Também o Movimento de Utentes dos Serviços Públicos (MUSP) condenou o recuo do Governo, uma vez que «foram criadas expectativas», quando «as pessoas já sentem enormes dificuldades para adquirirem os medicamentos, principalmente desde que foi reduzida a sua comparticipação e aumentou o custo em outros».

«O Governo – certamente cedendo a interesses da indústria farmacêutica – deu o dito por não dito. Lamentamos e condenamos a decisão que, mais uma vez, prejudica os utentes em benefício das empresas», afirmou Carlos Braga, do MUSP.


População em luta

Mais de centena e meia de utentes concentraram-se, na semana passada, em frente à Extensão de Saúde da Lamarosa para reivindicar a colocação de mais médicos naquela unidade de saúde, informou a Comissão de Utentes do Médio Tejo (CUSMT). O presidente da Junta de Freguesia local informou, na ocasião, que a luta começa a dar resultados, pois até ao final do mês começará a trabalhar mais um médico na referida unidade.

A Comissão de Utentes dos Serviços Públicos do Distrito de Viseu dá conta de que em Penalva do Castelo, localidade com mais de nove mil habitantes, mais de 30 por cento da população «está sem médico de família», sendo que os actuais médicos se recusam a fazer horas extraordinárias. Os problemas acentuam-se com a redução do horário de atendimento do Centro de Saúde e com o encerramento do Serviço de Atendimento Permanente (SAP), «sendo os doentes urgentes encaminhados para o Hospital de Viseu», o que implica «deslocações de, no mínimo, 30 quilómetros».


Reforma administrativa

Os comunistas eleitos na Assembleia Municipal de Lisboa defenderam, na passada semana, a «existência das actuais 53 freguesias», e consideraram ser necessário acrescentar as de Telheiras, Oriente, Marvila-Norte e «mais uma freguesia no actual território dos Olivais». A reforma administrativa de Lisboa esteve em discussão pública até terça-feira, voltando depois aos órgãos autárquicos para ser enviada à Assembleia da República.


Trabalho inclusivo

No dia 11 de Março, sindicatos e organizações de pessoas com deficiência reuniram-se em Bruxelas para uma conferência, enquanto decorria o Conselho de Competitividade.

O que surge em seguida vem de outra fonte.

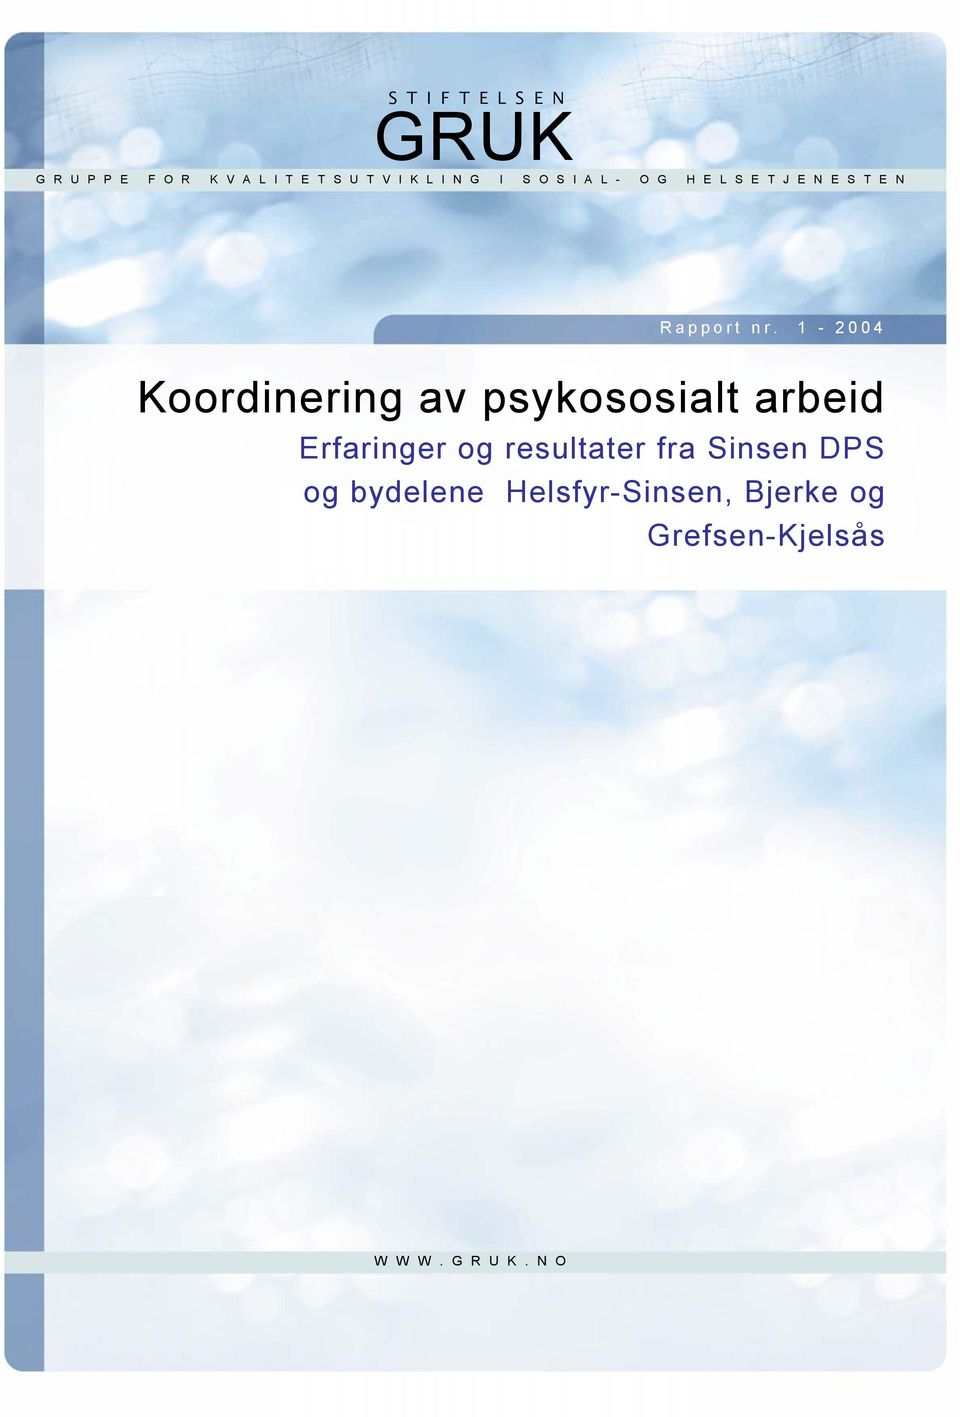 1-2004 Koordinering av psykososialt arbeid Erfaringer og resultater fra

Para evitar que as questões sociais sejam sacrificadas relativamente aos imperativos da economia, as organizações salientaram a necessidade de desenvolver uma «forte reação», uma vez que para cumprir a meta de 75 por cento de emprego em 2010 é necessário ter em conta as pessoas com deficiência, que representam 15 por cento da população activa da União Europeia. Manifestaram-se ainda contra a redução dos orçamentos sociais, a insegurança laboral e a subida do desemprego, agravada pela crise económica e financeira que afecta os mais vulneráveis, nomeadamente as pessoas com deficiência.